> What you will do:
Copy each line below exactly as it appears. Pictures are to be omitted.

> Source material:
= Beginning of Section =

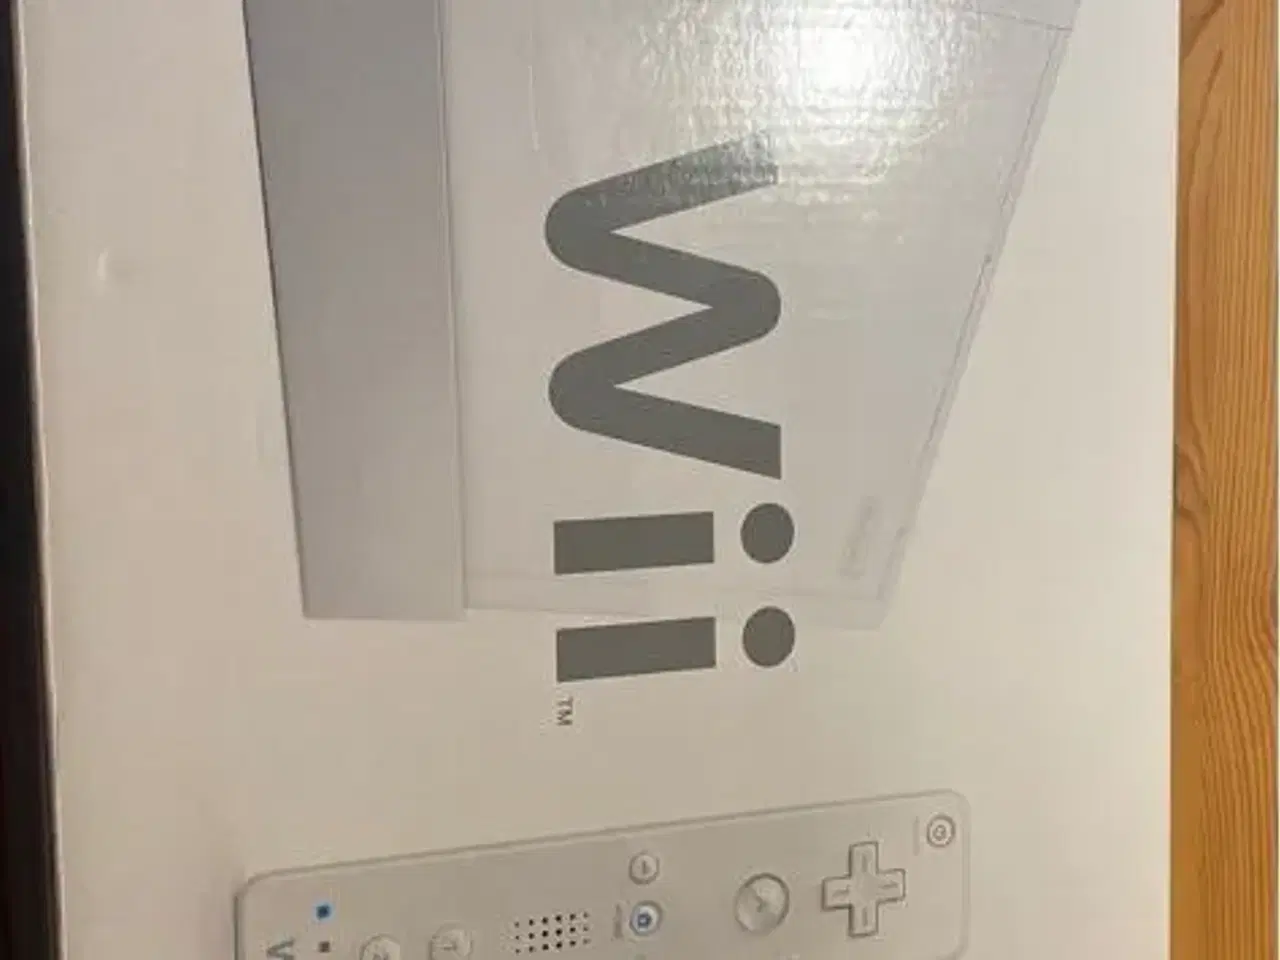 Billede 1 - Nintendo Wii i original emballage
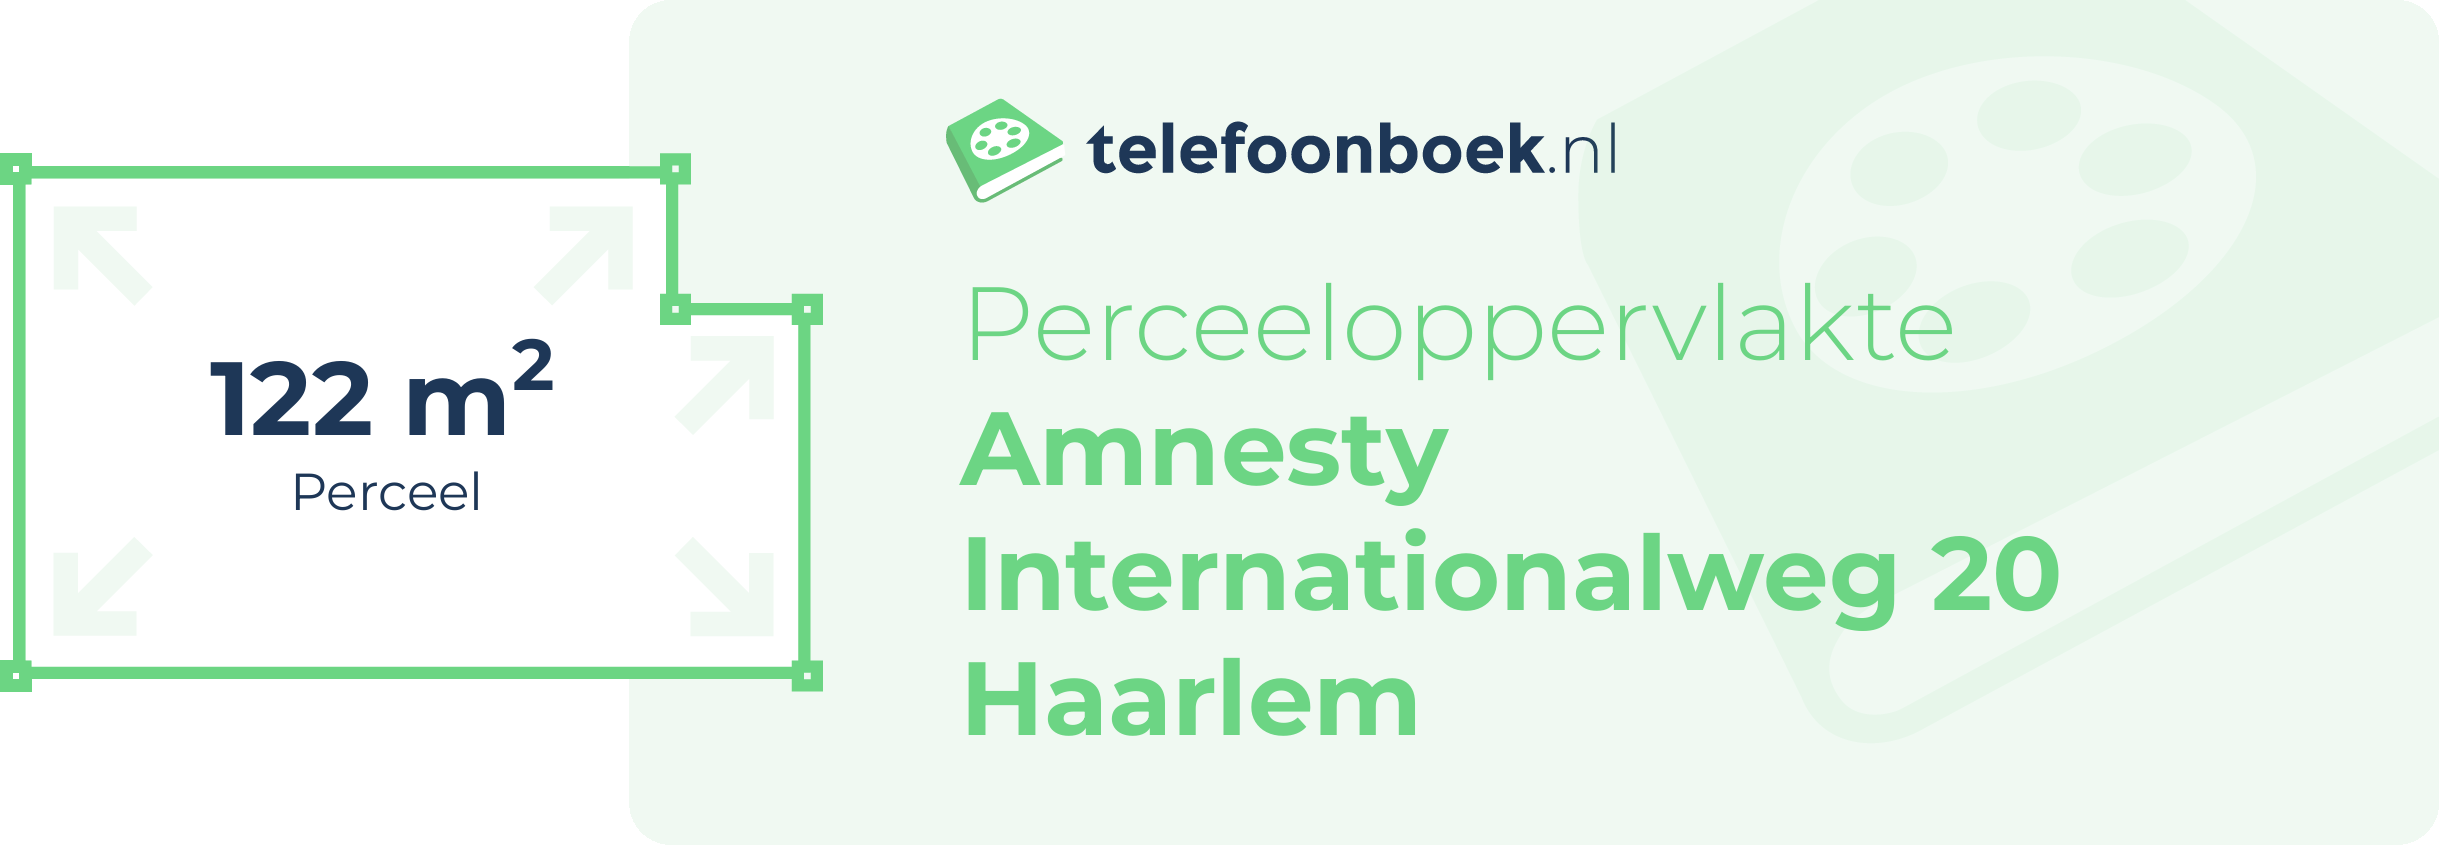 Perceeloppervlakte Amnesty Internationalweg 20 Haarlem
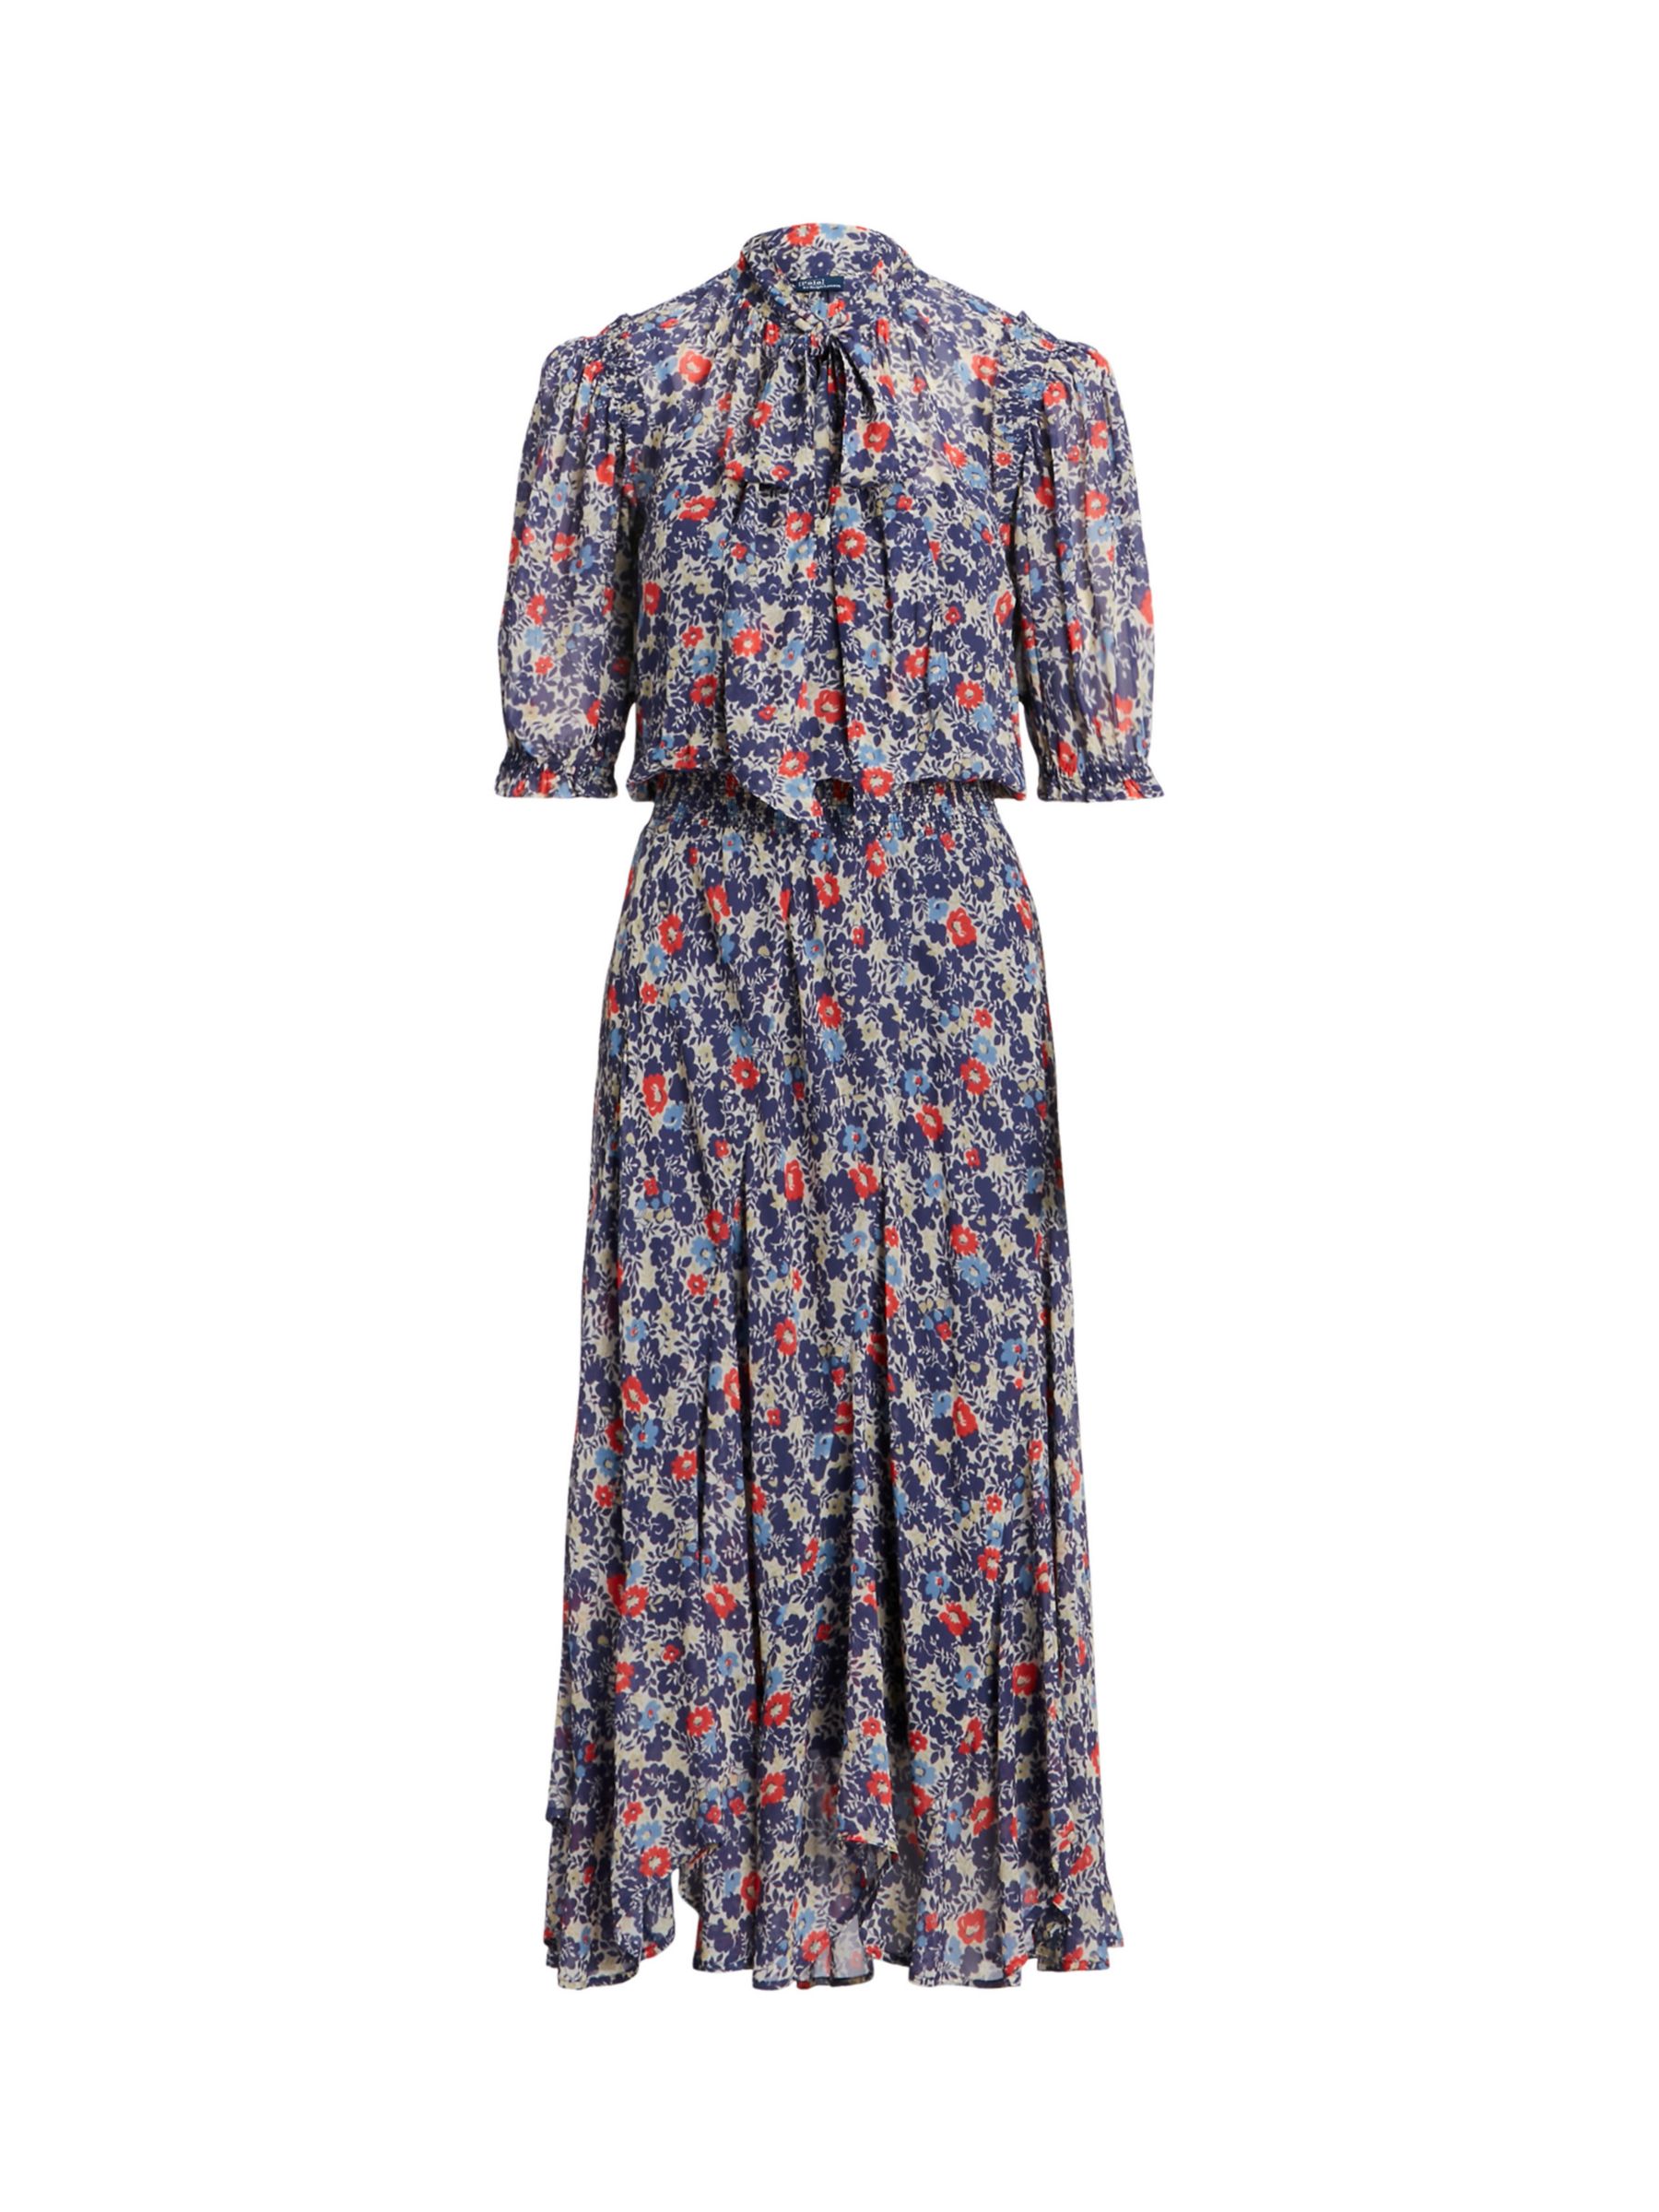 Polo Ralph Lauren Floral Print Georgette Maxi Dress, Red/Blue, XS

= End of Section =

> Task result:
 Billede 1 - Nintendo Wii i original emballage
 Perceeloppervlakte Amnesty Internationalweg 20 Haarlem
 Polo Ralph Lauren Floral Print Georgette Maxi Dress, Red/Blue, XS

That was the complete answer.